**DATA:**

· · ·

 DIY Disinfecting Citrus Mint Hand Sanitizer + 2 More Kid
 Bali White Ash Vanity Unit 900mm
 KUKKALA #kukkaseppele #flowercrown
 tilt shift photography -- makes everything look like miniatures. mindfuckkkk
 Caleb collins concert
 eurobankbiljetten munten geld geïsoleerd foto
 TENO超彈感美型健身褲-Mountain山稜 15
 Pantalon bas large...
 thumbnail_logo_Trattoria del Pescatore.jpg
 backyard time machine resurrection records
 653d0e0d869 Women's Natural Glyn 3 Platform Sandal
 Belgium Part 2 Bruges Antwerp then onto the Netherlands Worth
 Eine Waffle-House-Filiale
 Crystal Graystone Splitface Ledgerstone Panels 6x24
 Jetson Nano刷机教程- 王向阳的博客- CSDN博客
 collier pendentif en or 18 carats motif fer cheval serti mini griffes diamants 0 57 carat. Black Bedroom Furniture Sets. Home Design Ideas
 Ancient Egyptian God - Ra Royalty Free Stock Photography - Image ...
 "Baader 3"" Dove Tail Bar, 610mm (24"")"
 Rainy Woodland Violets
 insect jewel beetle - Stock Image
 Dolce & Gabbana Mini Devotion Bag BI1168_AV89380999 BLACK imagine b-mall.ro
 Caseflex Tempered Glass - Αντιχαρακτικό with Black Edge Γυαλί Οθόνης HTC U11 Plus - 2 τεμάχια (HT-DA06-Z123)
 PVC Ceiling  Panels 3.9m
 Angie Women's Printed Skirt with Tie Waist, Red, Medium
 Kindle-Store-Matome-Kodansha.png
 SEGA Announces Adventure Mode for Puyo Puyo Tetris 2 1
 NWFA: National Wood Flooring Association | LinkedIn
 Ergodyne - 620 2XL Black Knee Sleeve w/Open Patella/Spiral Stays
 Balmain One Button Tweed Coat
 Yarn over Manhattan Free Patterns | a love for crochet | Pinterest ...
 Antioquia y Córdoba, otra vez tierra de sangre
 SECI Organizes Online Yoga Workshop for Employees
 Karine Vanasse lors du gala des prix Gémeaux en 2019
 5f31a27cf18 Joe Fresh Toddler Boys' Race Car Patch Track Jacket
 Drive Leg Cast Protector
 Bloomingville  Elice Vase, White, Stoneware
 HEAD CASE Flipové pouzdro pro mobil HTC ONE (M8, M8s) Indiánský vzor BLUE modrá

· · ·

**WORK REQUEST:**
Everything from the line with "Kindle-Store-Matome-Kodansha.png" through the end of the listing, both ends included, needs to be transcribed exactly, with no other lines.

**EXERCISE RESPONSE:**
 Kindle-Store-Matome-Kodansha.png
 SEGA Announces Adventure Mode for Puyo Puyo Tetris 2 1
 NWFA: National Wood Flooring Association | LinkedIn
 Ergodyne - 620 2XL Black Knee Sleeve w/Open Patella/Spiral Stays
 Balmain One Button Tweed Coat
 Yarn over Manhattan Free Patterns | a love for crochet | Pinterest ...
 Antioquia y Córdoba, otra vez tierra de sangre
 SECI Organizes Online Yoga Workshop for Employees
 Karine Vanasse lors du gala des prix Gémeaux en 2019
 5f31a27cf18 Joe Fresh Toddler Boys' Race Car Patch Track Jacket
 Drive Leg Cast Protector
 Bloomingville  Elice Vase, White, Stoneware
 HEAD CASE Flipové pouzdro pro mobil HTC ONE (M8, M8s) Indiánský vzor BLUE modrá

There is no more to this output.